Члены комиссии кивают, смотрят на пол, на потолок, на стены и велят позвать следующую просительницу.
Женщины говорят маме, чтобы следила за весами в лавке, а то эта карга Макграт непременно надует. Она подсовывает под весы бумагу и когда взвешивает продукты, то тянет бумажку к себе, так что ладно, если хотя бы половину положенного отвесит.
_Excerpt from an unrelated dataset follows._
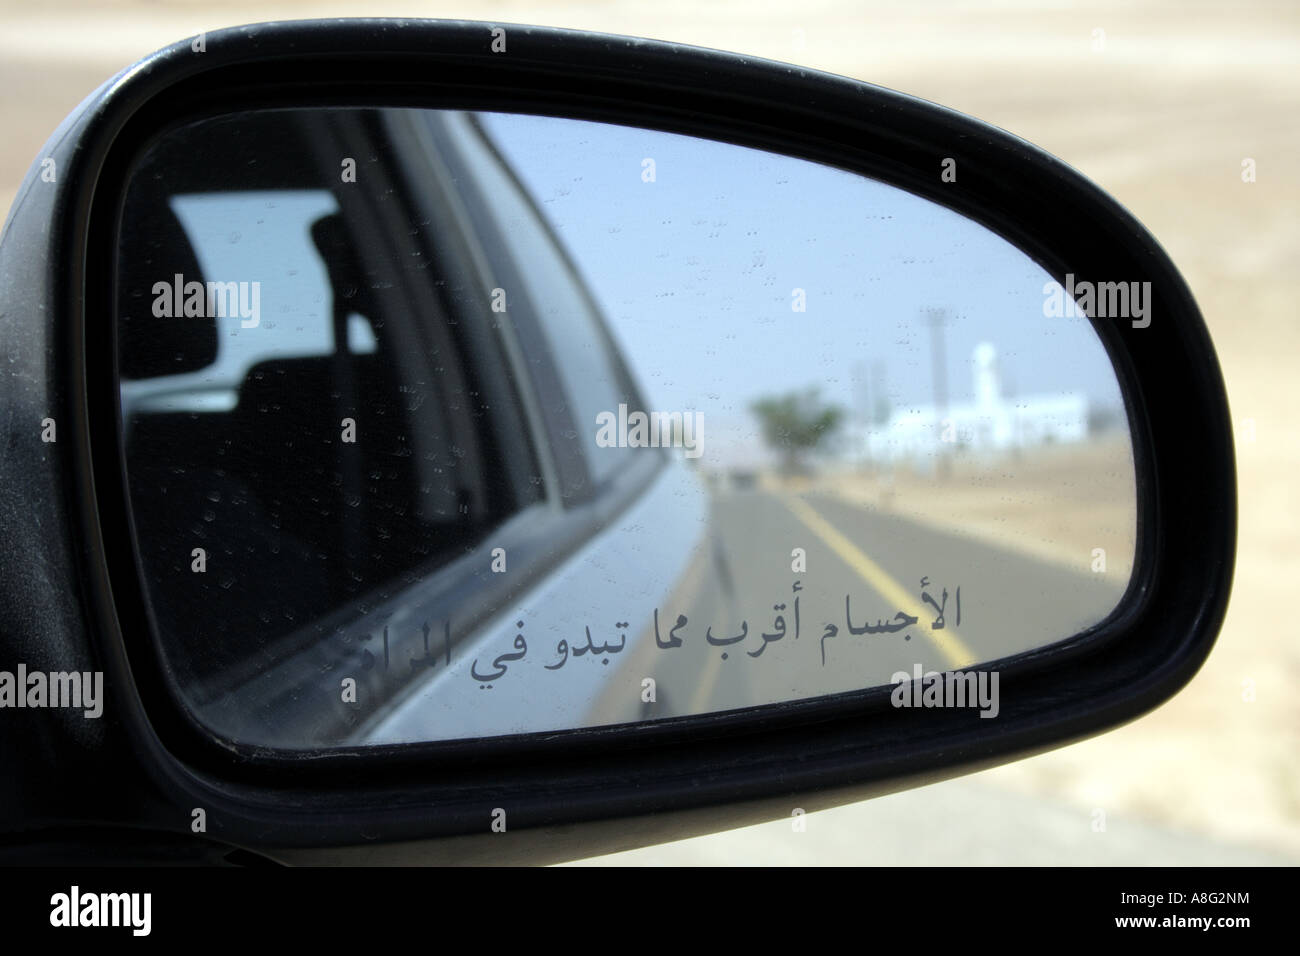 Dubai-Spiegel des Autos mit arabischen Buchstaben Objekte im Spiegel sind  näher als sie erscheinen. Foto: Willy Matheisl Stockfotografie - Alamy
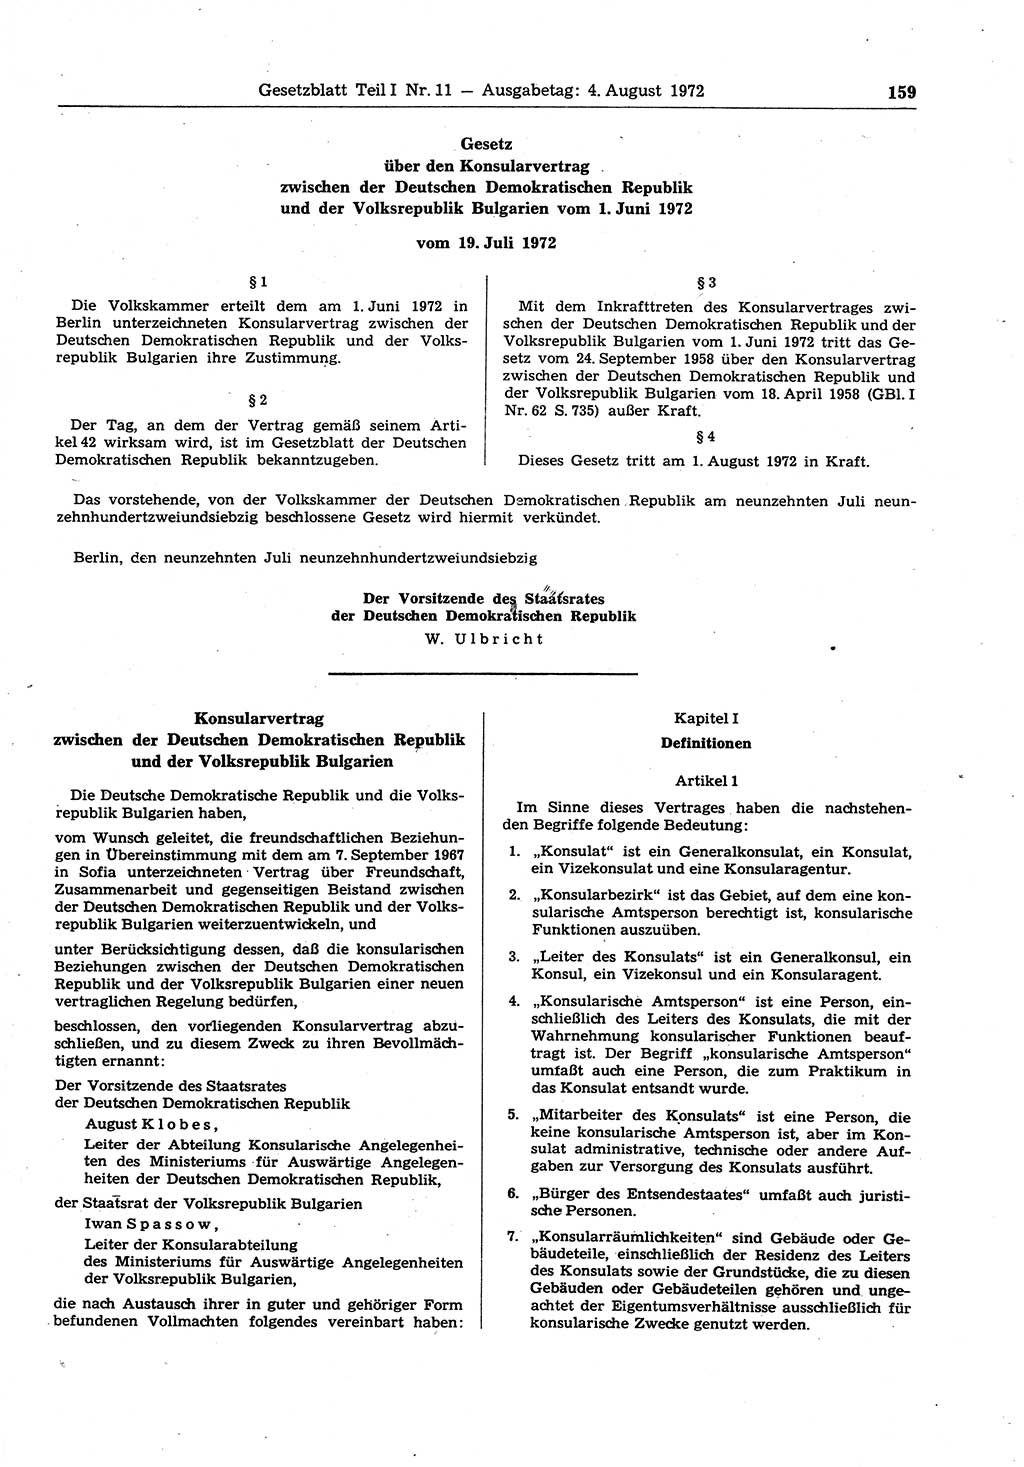 Gesetzblatt (GBl.) der Deutschen Demokratischen Republik (DDR) Teil Ⅰ 1972, Seite 159 (GBl. DDR Ⅰ 1972, S. 159)

А у самой-то по всей лавке образа Девы Марии и Святейшего Сердца, а в часовне Святого Иосифа, как ни посмотришь, она все на коленях, да с четками и дышит так, будто ее истязают, как деву-мученицу, фу, курва старая.
– Пойду-ка я с вами, миссус, – предлагает Нора. – Уж я-то старухины проделки знаю, не дам вас обдурить.
Она ведет нас в лавку на Парнелл-стрит. Увидев маму в американском пальто, лавочница сначала ведет себя очень любезно, но когда мама протягивает ей талон от Общества Святого Викентия, ворчит, что мама не в то время пришла и что по талонам она обслуживает после шести вечера, но на первый раз, так уж и быть, сделает исключение.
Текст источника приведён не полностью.